If a trip is dragging you away from rationality and control but into a world of intuitive flow and mysticism and you resist, if you are unwilling to accept then it will be like a struggle that you won't win. I think usually what is happening is your ego dissolves, but it has automated defense mechanisms (a life drive) that steers you away from ego death. The only way out is through, as long as you want to abort in a different way you will stay in a loop. There are of course methods for aborting or softening - which I do not recommend..

Since if you at some point just give up and let yourself go, it can be cathartic, enlightening or like a breakthrough. For this reason there is something to be learned or overcome with a bad trip which is why I prefer to talk about difficult experiences and not bad trips. If you manage to overcome it and have a realization that completely surrendering is actually the solution because there will be no more struggle... that is a big win, so not bad at all anymore.

Defense mechanisms are hardwired very deeply within us so you do need either to get this insight in some way, or find out by accident. The most intense thing that ever happened to me was when I had a tormenting mushroom trip that defied space, time and life as I knew it and it was so much that I saw no other option than to surrender even if it meant insanity or death. That was the most enlightening thing that ever happened to me.

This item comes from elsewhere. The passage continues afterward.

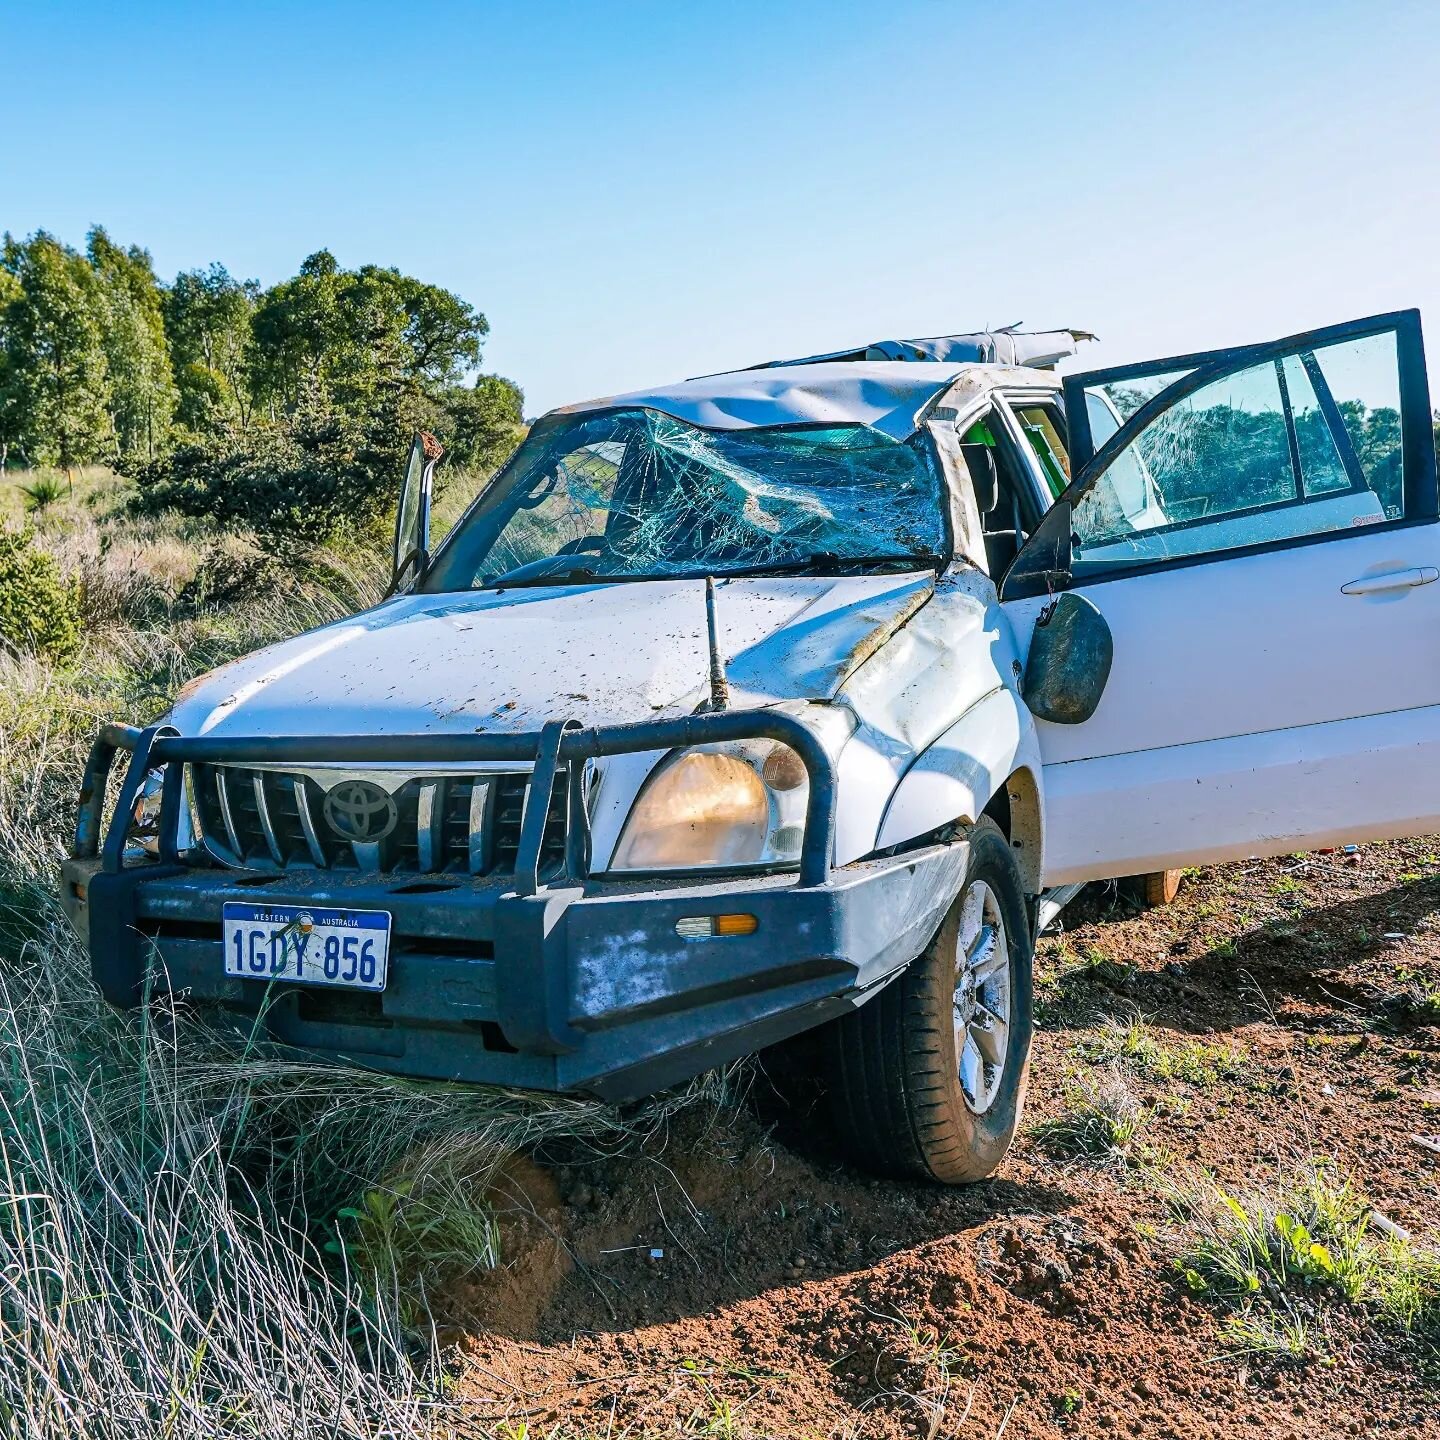 🧔 A massive thank you to @toyota_aus for quite literally saving our lives. We were heading north for our next adventure and tragedy struck. A combination of road factors winding up in a double rollover...and we walked away without a scratch. I'm cer

There was another time on LSD when I was lying down meditating, and I could feel that I quickly had my ego dissolve up until a point of total dissociation or a mystical state of consciousness, but I chickened out at the last moment. It was exactly like I was establishing an uplink to a state of being beyond regular state of consciousness and I approached a moment where only a single element was left to complete the uplink. Then I started to worry: what if I would leave myself, then my body would be there unprotected by my aware mind? I felt I didn't know enough about the mechanisms to ensure that I would be taken care of if I decided to pass through. In the end it is about control, I could not surrender my control to the 'faith' (trust may be a better word) that things would take care of themselves. I had no reason to assume my body would start running around deliriously or something like that, but no hard proof it wouldn't either.
The process broke down and left me very vulnerable and confused. It seems to not be something to lightly throttle back from, I was far along preparing for this change in state, then it all collapsed. I had a very tough time for about half an hour and then found the solution: to just have that trust, if I would 'give' that trust I would also be the one to 'receive' it. Now that doesn't necessarily make a lot of sense but the core sentiment is to just have faith in order to let go. It will be okay. It helps to know there is a sitter to watch over you as a failsafe, just to feel more safe about letting go.